According thereto, the acoustic sensor 100 may be miniaturized. The
substrate 110 may include the acoustic chamber 140, a first hole
111 and second hole 112.
[0043] The acoustic chamber 140 may penetrate the substrate 110. A
flat protection film 113 may cover an inside surface 110i of the
substrate 110, in which the acoustic chamber 140 is formed. In a
top view, the protection film 113 may have a circular or
closed-loop shape. The protection film 113 may have a width of from
about 1 .mu.m to about 10 .mu.m and a height of from about 1 .mu.m
to about 1000 .mu.m. The protection film 113, compared with the
substrate 110, may include a material having etching selectivity,
for example, an oxide and organic material. A supporting film 114
may be provided in the acoustic chamber 140. In a top view, the
supporting film 114 may have a cross shape. The supporting film 114
may be connected to the protection film 113. According thereto, a
substrate insulating film 121 and the lower electrode 120 may be
stably fixed to the substrate 110 by the supporting film 114. The
supporting film 114 may have a width of from about 1 .mu.m to about
10 .mu.m and a height of from about 1 .mu.m to about 1000 .mu.m.
The supporting film 114, compared with the substrate 110, may
include a material having etching selectivity, for example, an
oxide and organic material.
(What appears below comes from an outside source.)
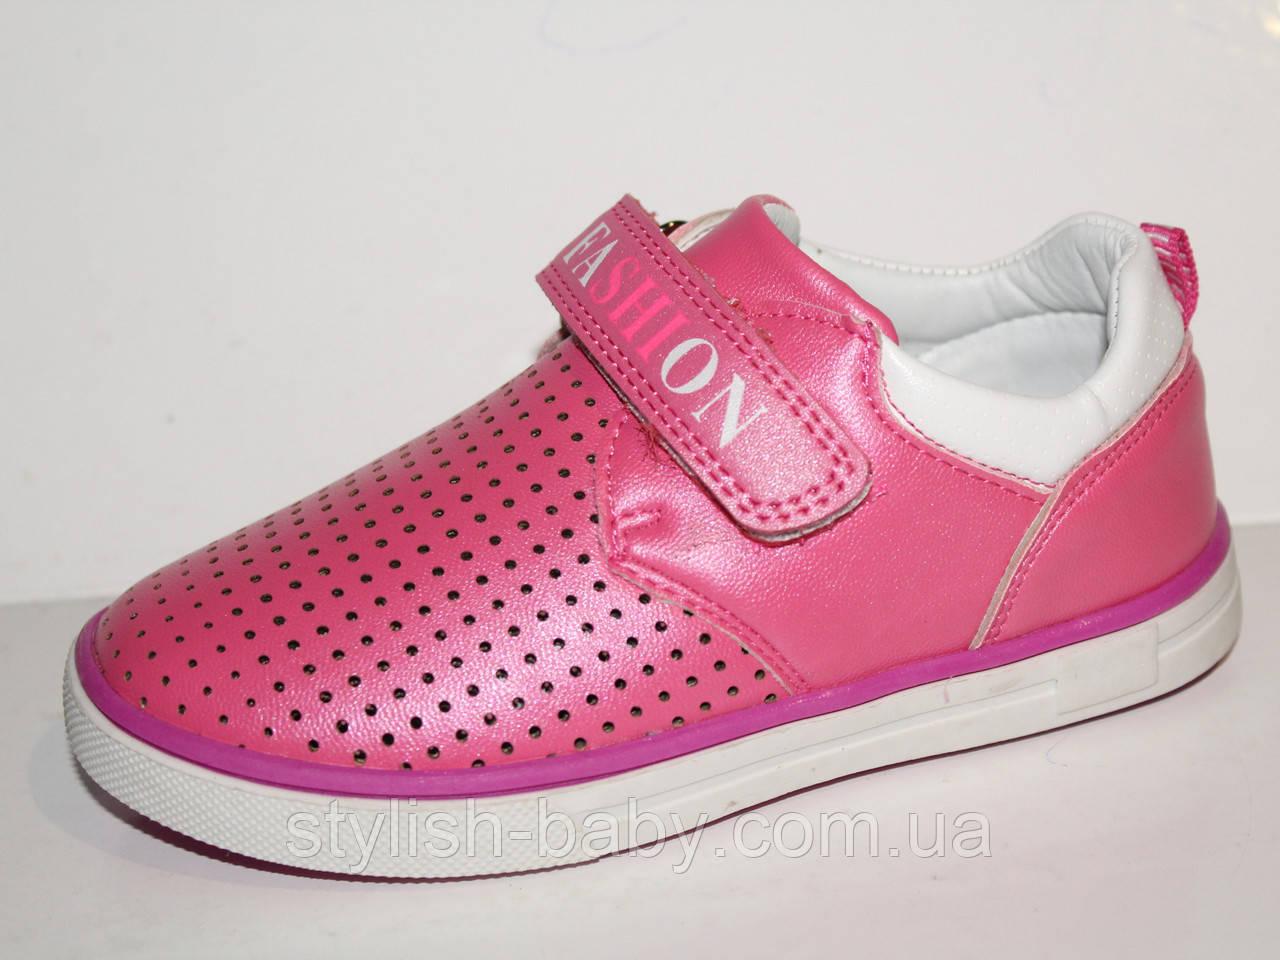 Детская обувь оптом. Детские спортивные туфли с перфорацией бренда Tom.m для девочек (рр. с 26 по 31)

The supporting film 114 may have same
material as the protection film 113.
[0044] The substrate insulating film 121 may cover a top surface
110a of the substrate 110. The lower electrode 120 may be disposed
on the supporting film 114 and acoustic chamber 140. The substrate
insulating film 121 may include one of an organic material and
oxide.
[0045] The lower electrode 120 may be provided on the acoustic
chamber 140. The lower electrode 120 may include a conductive
material, for example, metal. The lower electrode 120 may be stably
fixed to the substrate 110 by the supporting film 114 and the
substrate insulating film 121. The lower electrode 120 may be
insulated from the substrate 110 by the substrate insulating film
121. The sound pressure input holes 141 may be provided penetrating
the substrate insulating film 121 and lower electrode 120. The
sound pressure input holes 141 may be connected to the acoustic
chamber 140.
[0046] The first hole 111 and second hole 112 may penetrate from
the top surface 110a to a bottom surface 110b of the substrate 110.
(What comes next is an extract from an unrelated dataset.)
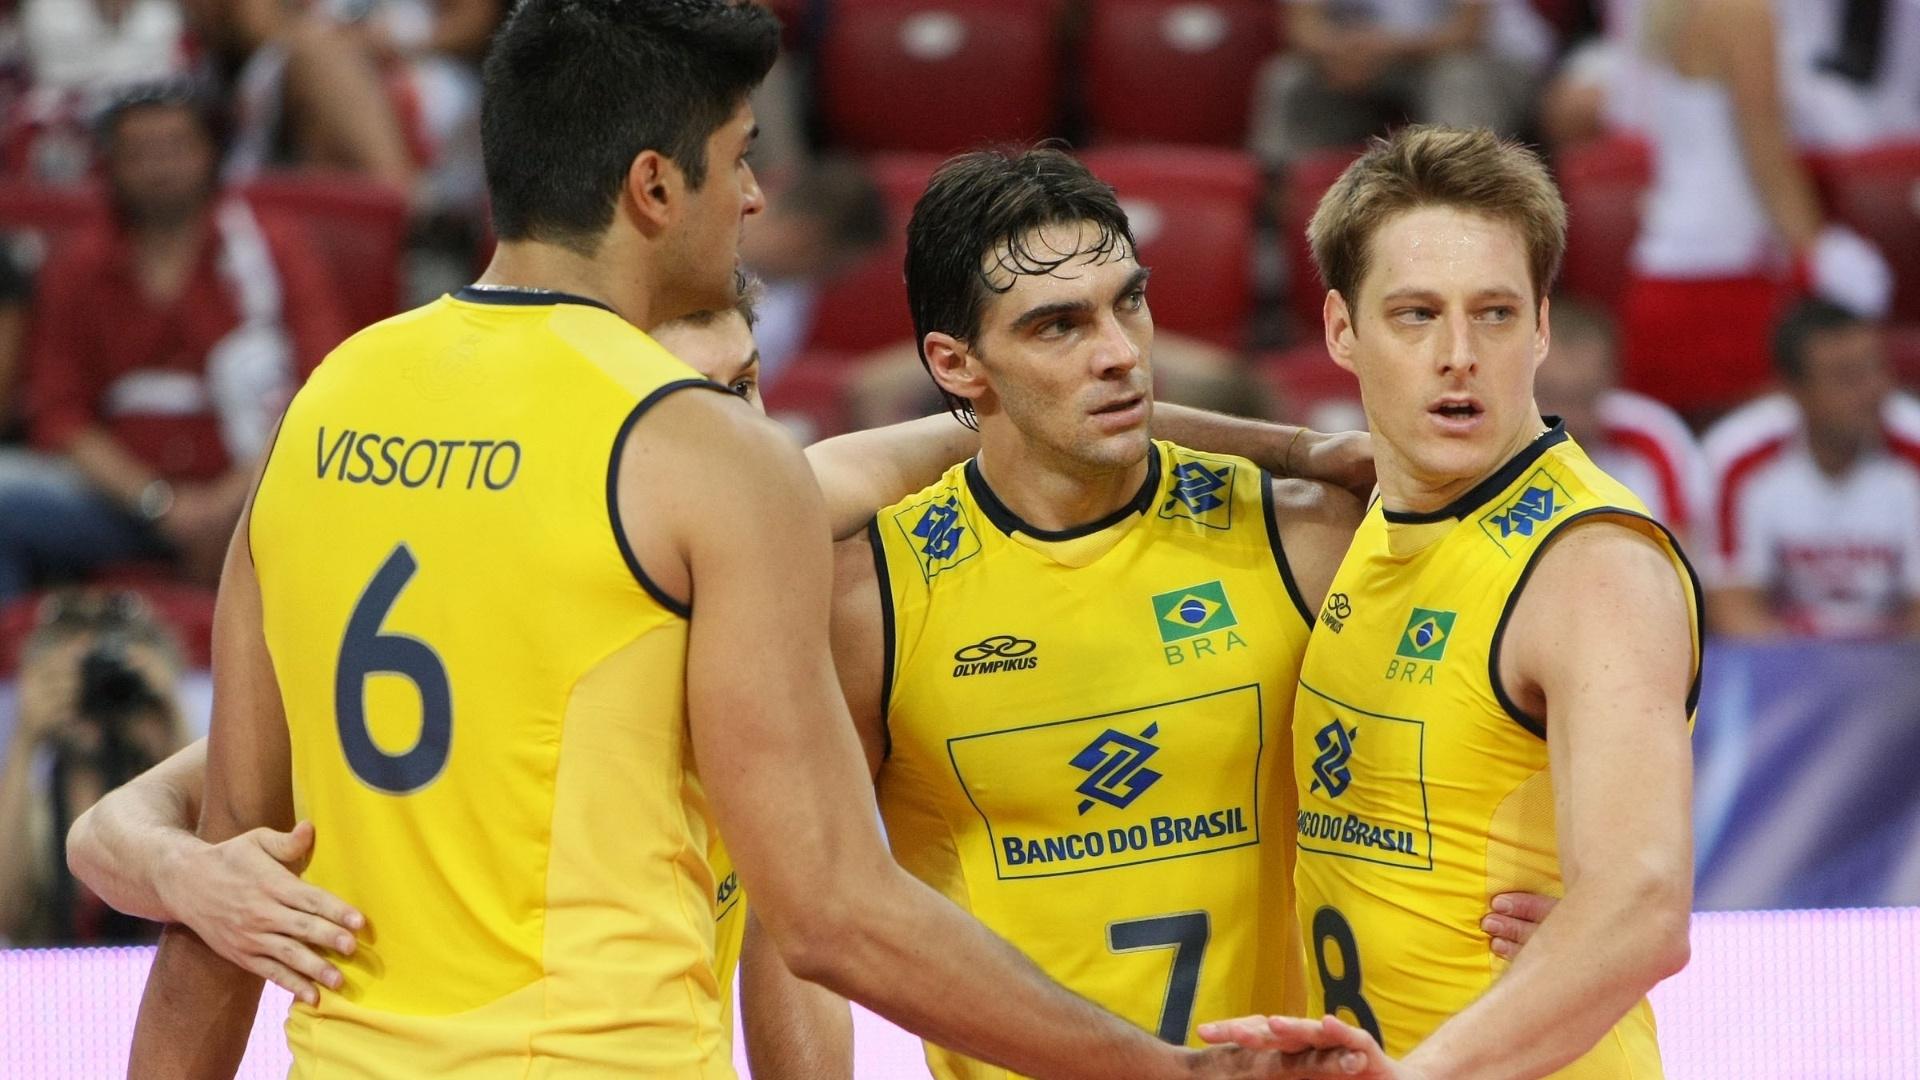 Leandro Vissotto, Bruninho, Giba e Murilo comemoram um ponto na derrota para a Polônia (05/07/2012)

As shown in FIG. 1B, the lower electrode pad 123 may cover a
sidewall 111c of the first hole 111. The lower electrode pad 123
may be extended toward the top surface 110a of the substrate 110 to
be connected to the lower electrode 120. The lower electrode 120
may form a single structure together with the lower electrode pad
123. For example, the lower electrode pad 123 may include same
material as the lower electrode 120. The lower electrode pad 123
may have same thickness as the lower electrode 120.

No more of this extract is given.